As Connolly shows, while other Northern Virginia municipalities, such as Manassas, and counties like Prince William and Loudon, prefer to exploit illegal immigration for political gain, using it as a wedge issue to whip up fear and prejudice in their citizens, Fairfax County has been quietly working on solutions that benefit its citizens. The difference is that Democratically controlled Fairfax doesn’t have to resort to fear tactics the way Loudon and Prince William do because they are focusing on positive approaches to dealing with the effects of illegal immigration. Here are Connolly’s own words on the topic:
Fairfax County’s approach to illegal immigration is pretty straightforward: We are taking action when we find people behaving illegally, regardless of their immigration status. We are employing local resources in a strategic fashion to address illegal situations in our neighborhoods. Like others in the region, we are cooperating with the federal Immigration and Customs Enforcement Agency (ICE), but we are doing so without the specter of racial profiling or inciting fear in our immigrant communities.As Connolly explains, Fairfax has chosen to concentrate on pragmatic efforts that don’t violate the Constitution or step on the jurisdiction of the federal government.

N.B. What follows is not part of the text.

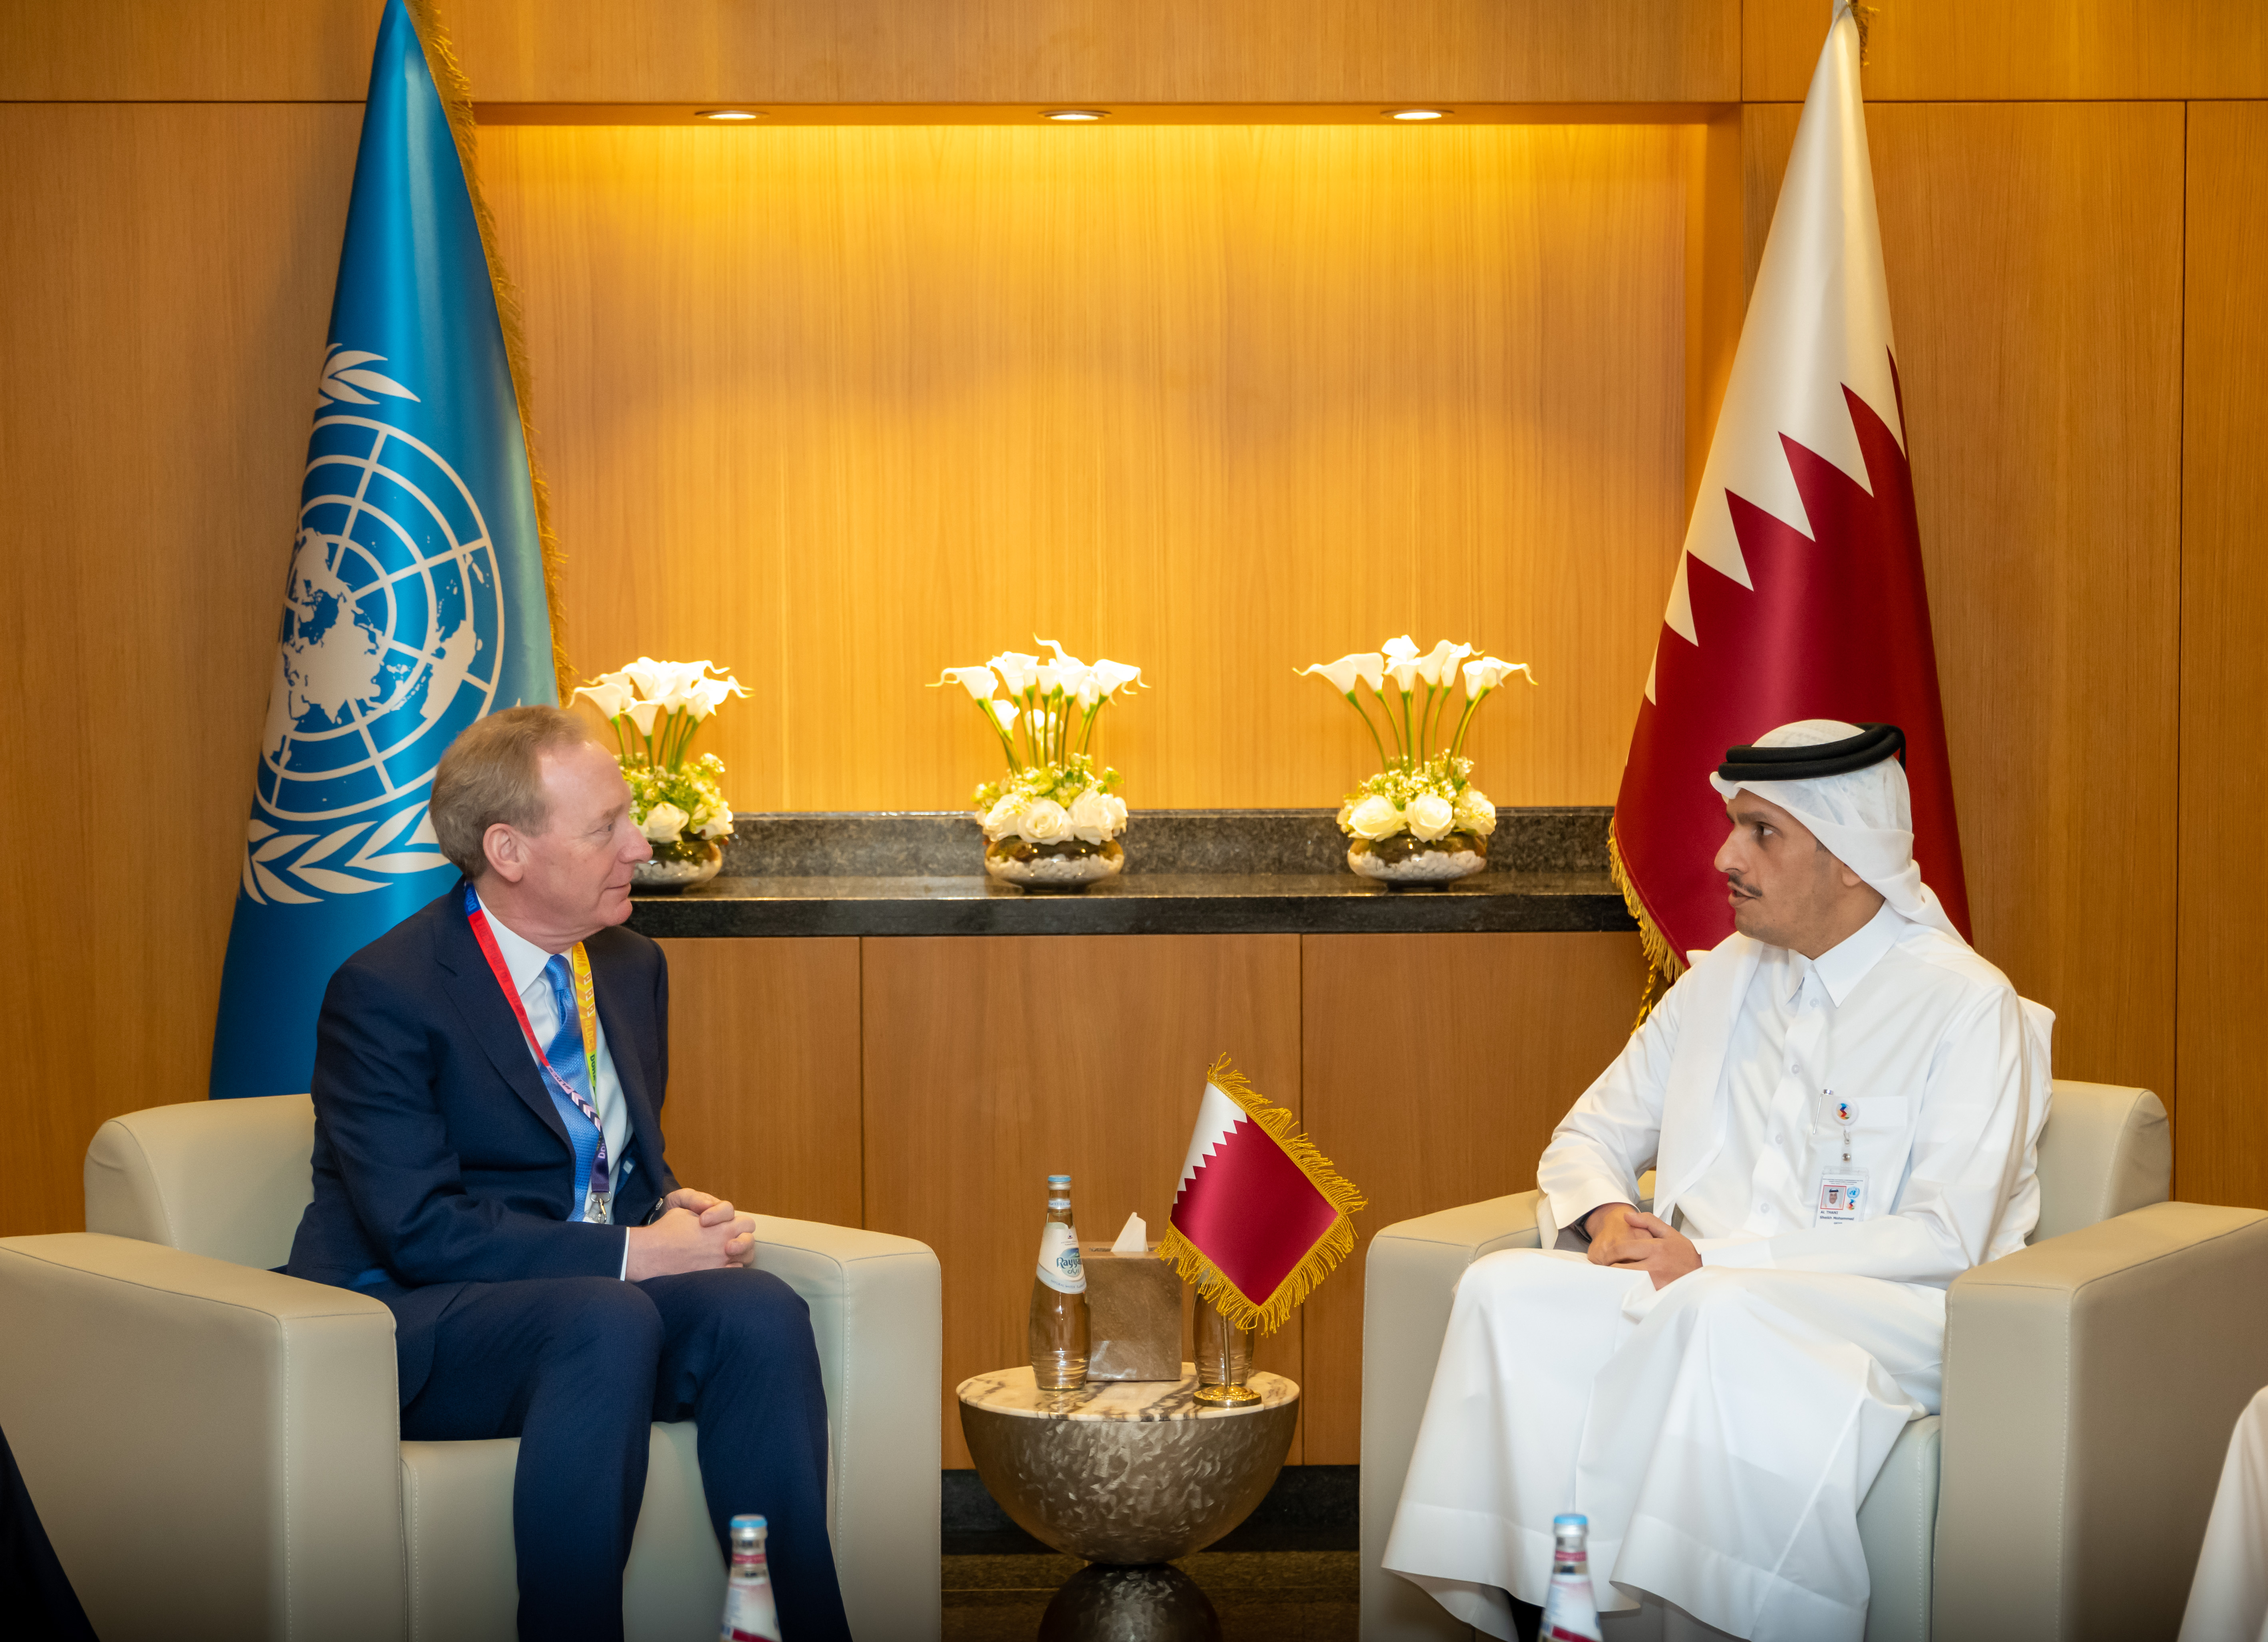 Deputy Prime Minister and Minister of Foreign Affairs Meets Vice Chairman and President of Microsoft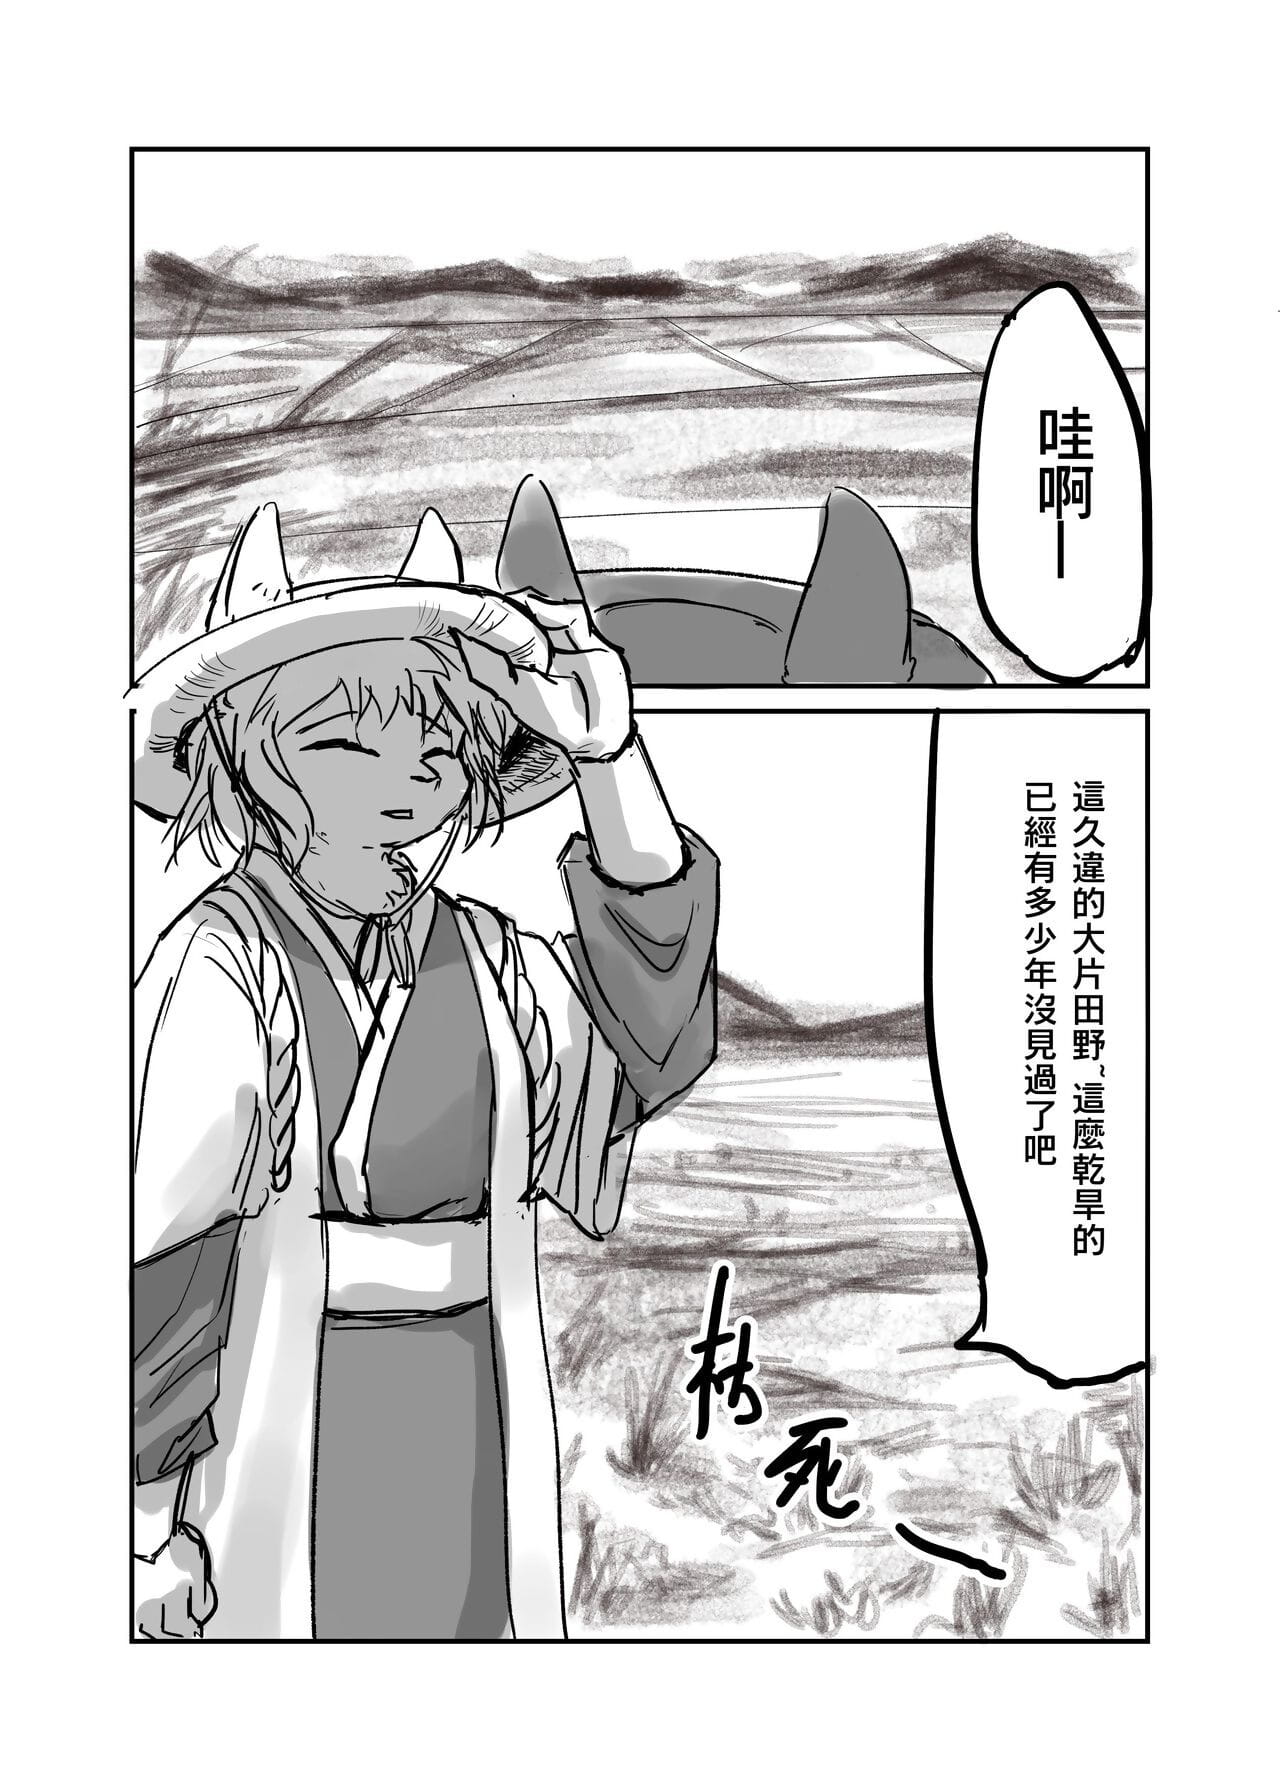 （the bezoeker 他乡之人 by：鬼流 page 1

At the county level, the Board of Supervisors has chosen to cut the rate of gang involvement among youth from 5.6% to half that amount by implementing after school programs in county-wide middle schools and working with community partners to provide other constructive opportunities for young people.
In addition, the BOS has set up a rapid response team to crack down on illegal boarding house operations. Thirty-six cases have been resolved, 18 are in litigation and 128 are under investigation. The county’s public safety agencies work with ICE and the sheriff reports up to 50 illegal immigrants a month to ICE for follow up action. In the past fiscal year, the sheriff also housed 338 illegal immigrants at ICE’s request. And Fairfax is looking to expand its partnership with ICE under the federal 287g program.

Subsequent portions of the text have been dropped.